**AVAILABLE DATA**
·····

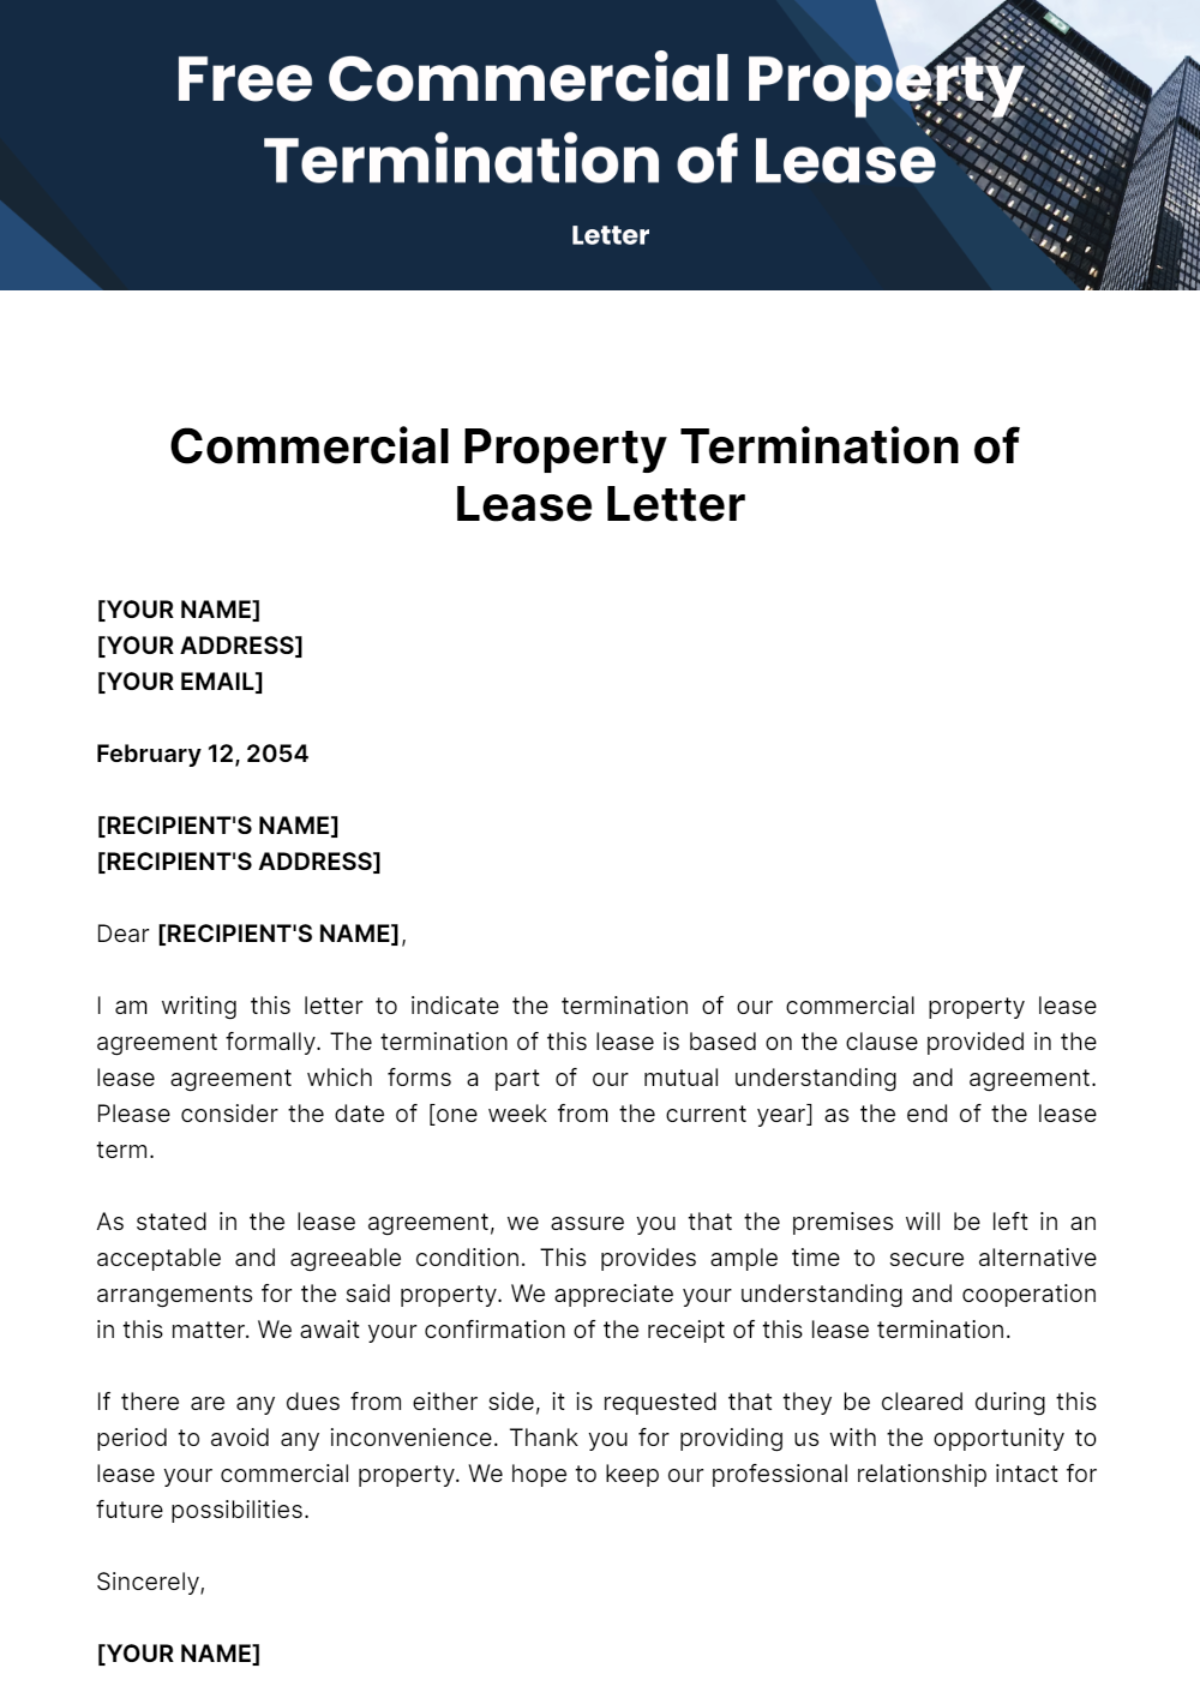 Free Commercial Property Termination of Lease Letter Template
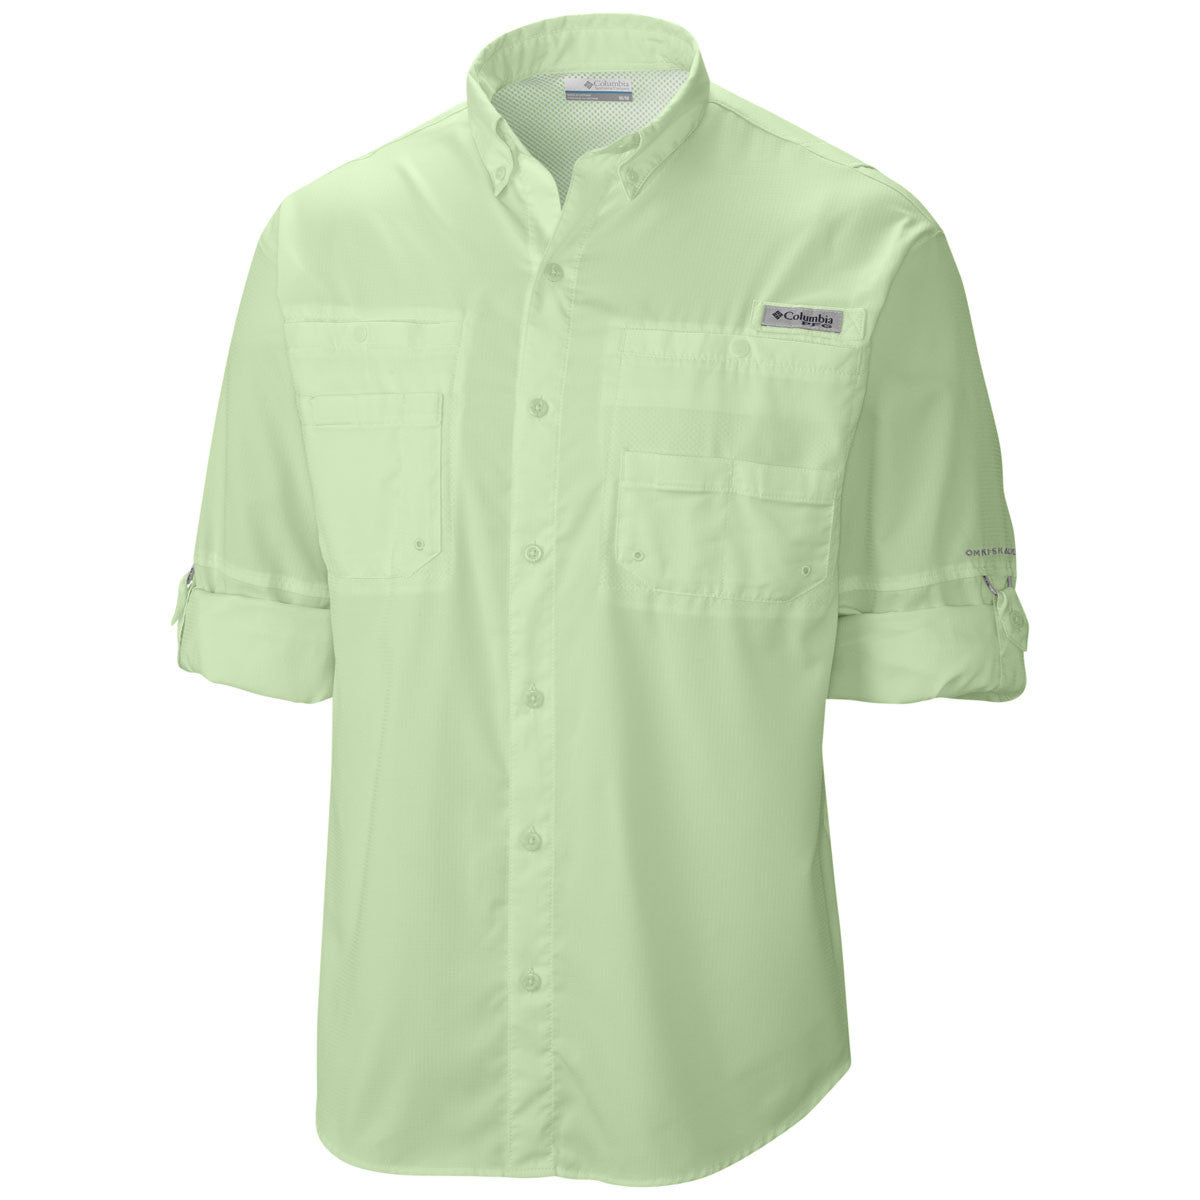 Men's Columbia Tamiami S/S Shirt - Beck's Country Store
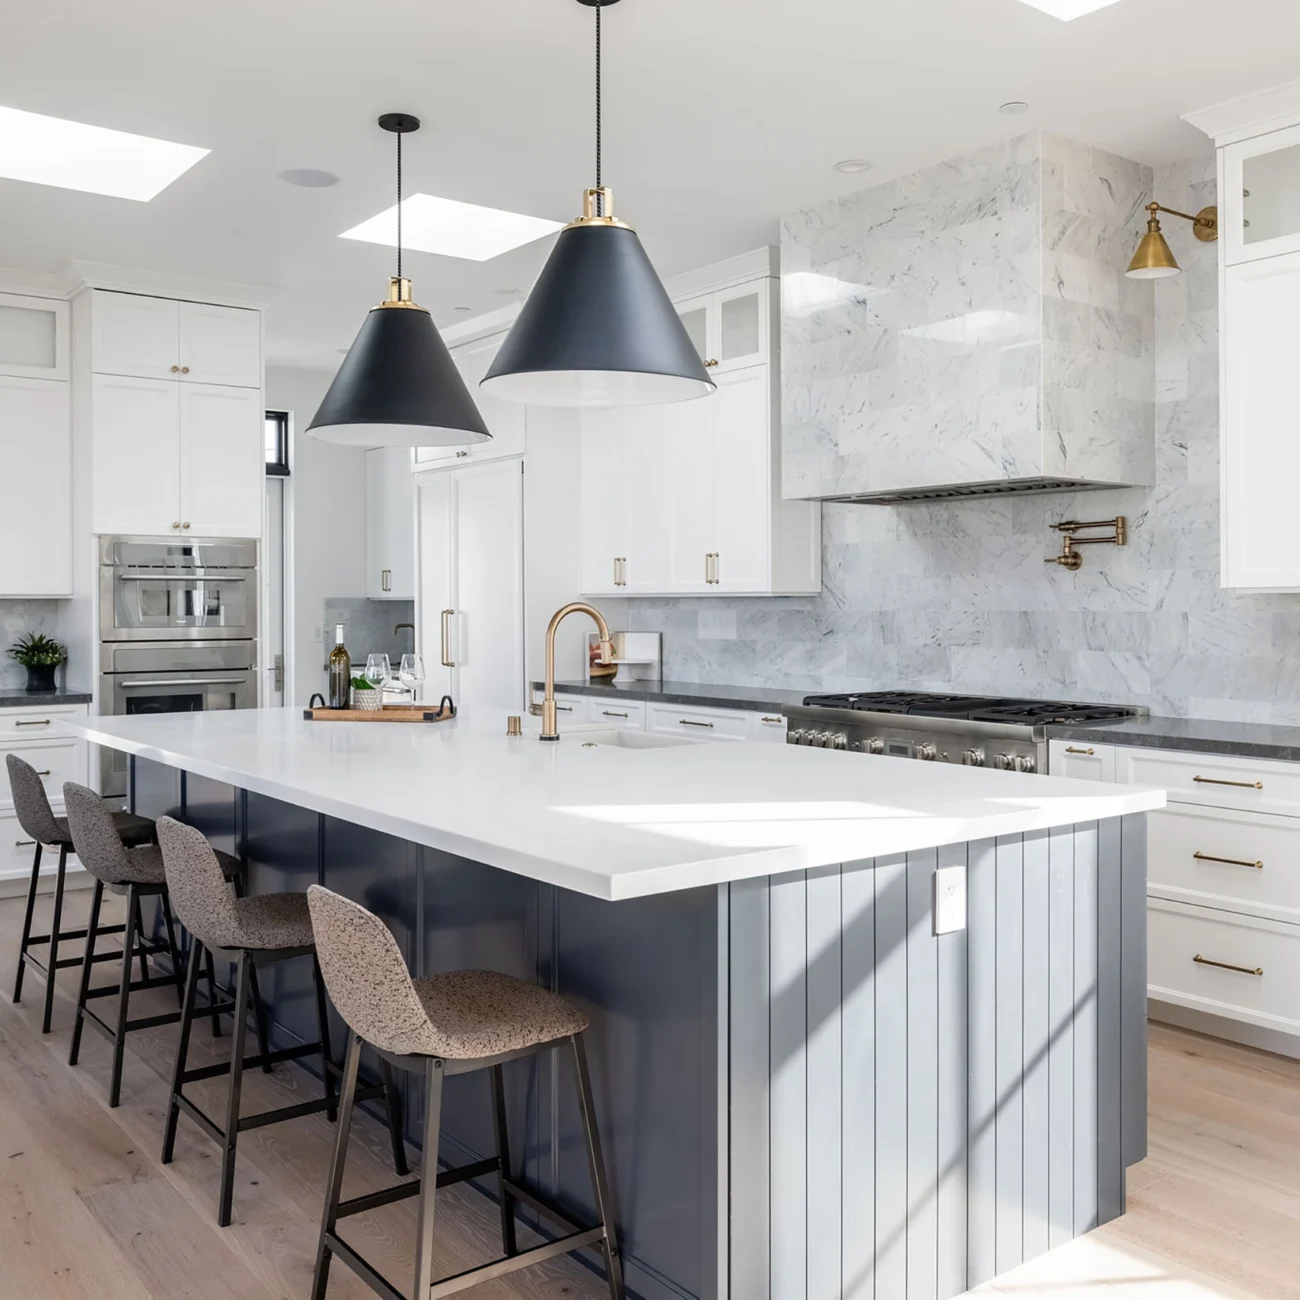 Christine Vroom Interiors | 36th | Kitchen with black accents

·····

**GOAL OF THE EXERCISE**
Where the line containing "Men's Columbia Tamiami" appears, begin writing out the lines word for word, and continue through the last line of the data, leaving out pictures.

**REPLY**
 Men's Columbia Tamiami S/S Shirt - Beck's Country Store
 Christine Vroom Interiors | 36th | Kitchen with black accents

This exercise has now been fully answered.